Jeff Blake-USA TODAY Sports

Anyone who tells you competing for a national title is a cut and dry process is either naive or lying. But there are certainly some indicators of progress to look for, and Florida ticks off none of those boxes right now.

When the Gators beat Georgia last year to all but clinch an SEC East title, they were on top of the world. Since that moment, this team is just 8-8. Last year’s team lost four games despite having the most productive quarterback in school history and two first-round pass-catchers, one of which is considered the greatest tight-end prospect of all time.

UF may not be recruiting at the level of Georgia and Alabama, and while that shouldn’t necessarily be acceptable, it’s workable. But not when the Gators lose games like this.

The calendar has turned all the way to November, and Florida has a losing record. That should never happen, especially in a year where it was considered Georgia’s only real competition in the division.

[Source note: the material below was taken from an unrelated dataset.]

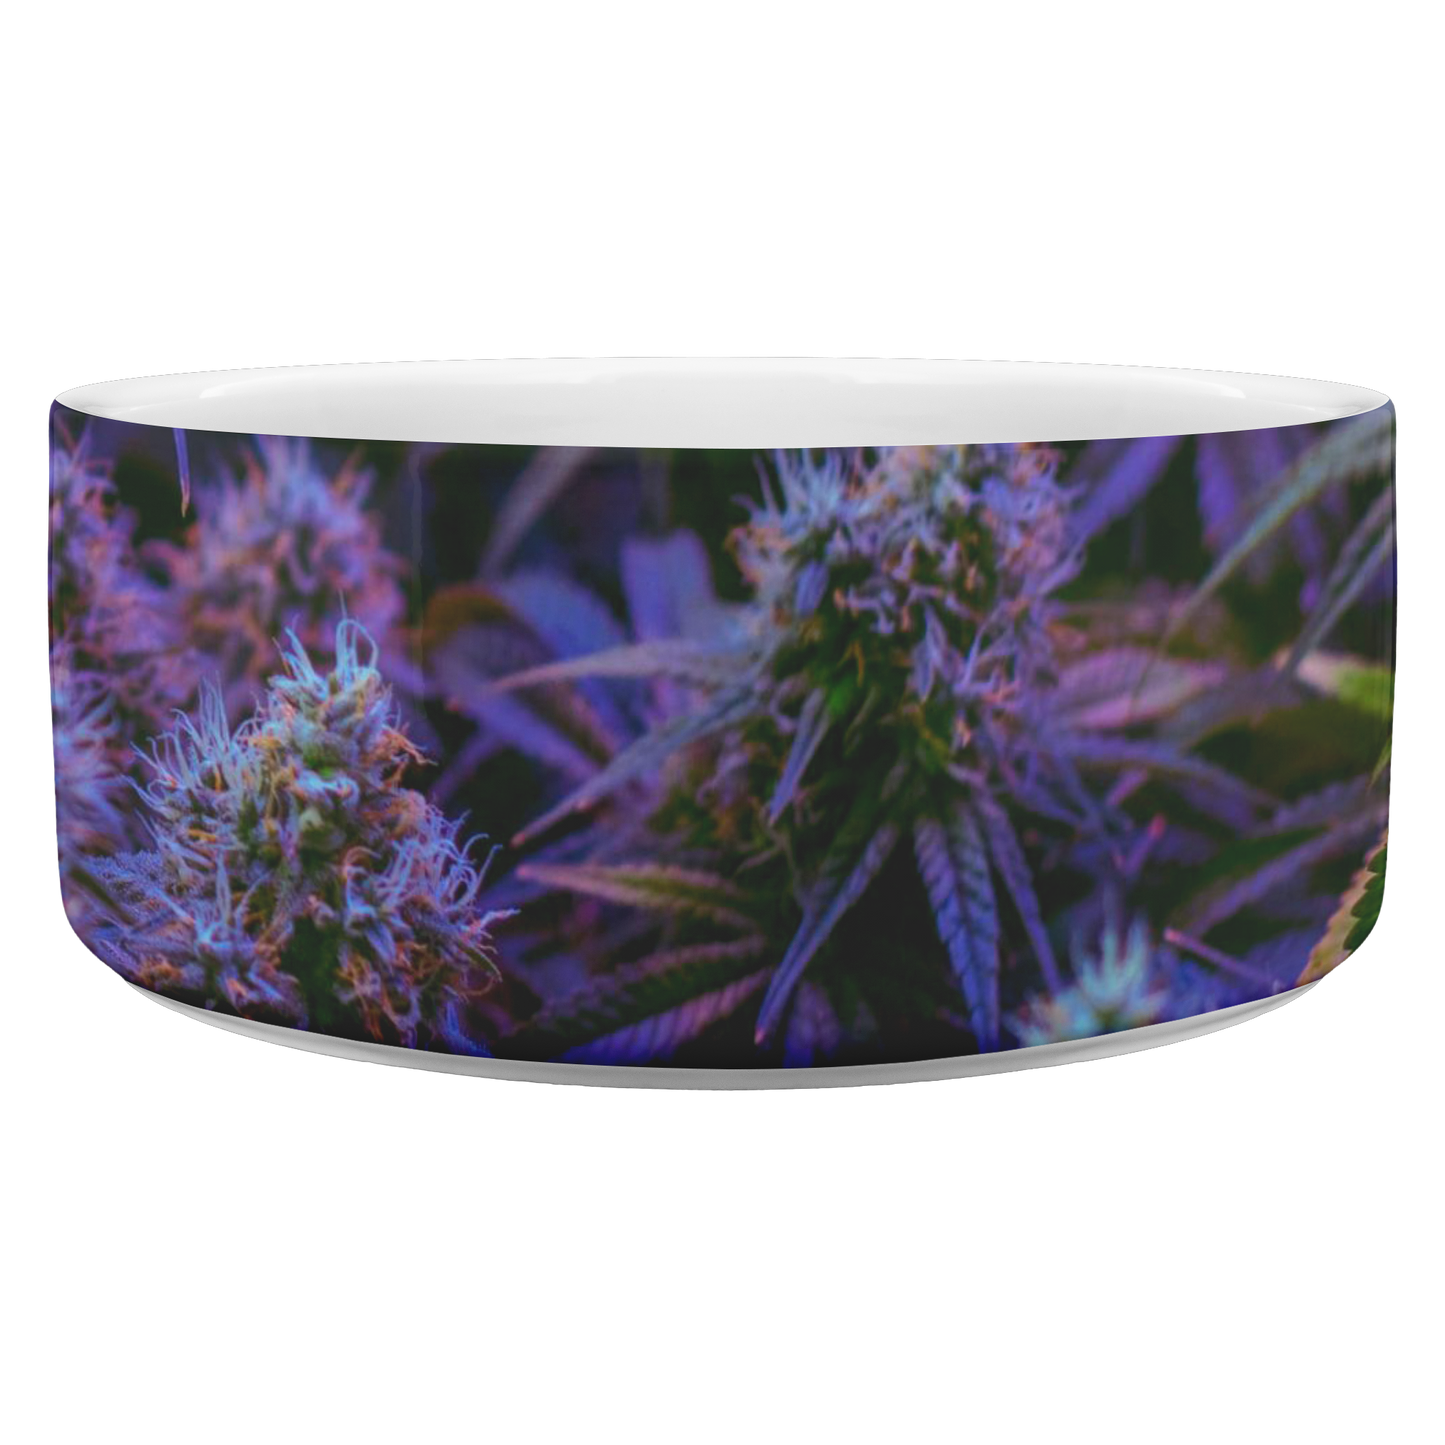 The Purple Cannabis Pet Bowl

The Gators just lost by 23 points to a team whose only SEC win entering the game was a one-point victory over one of the worst teams in the entire Power Five in the Vanderbilt Commodores. There’s losing a road game to a scrappy Kentucky team, and then there’s whatever happened on Saturday night.

Ultimately, Florida needs to decide what its expectations are for the football program, because there seems to be a disconnect between what satisfies the fans and what satisfies the athletic department. I’m not sure how many more losses this team needs to take as heavy favorites before some pressure begins to be felt in Gainesville, but Stricklin should take this opportunity to see the writing on the wall.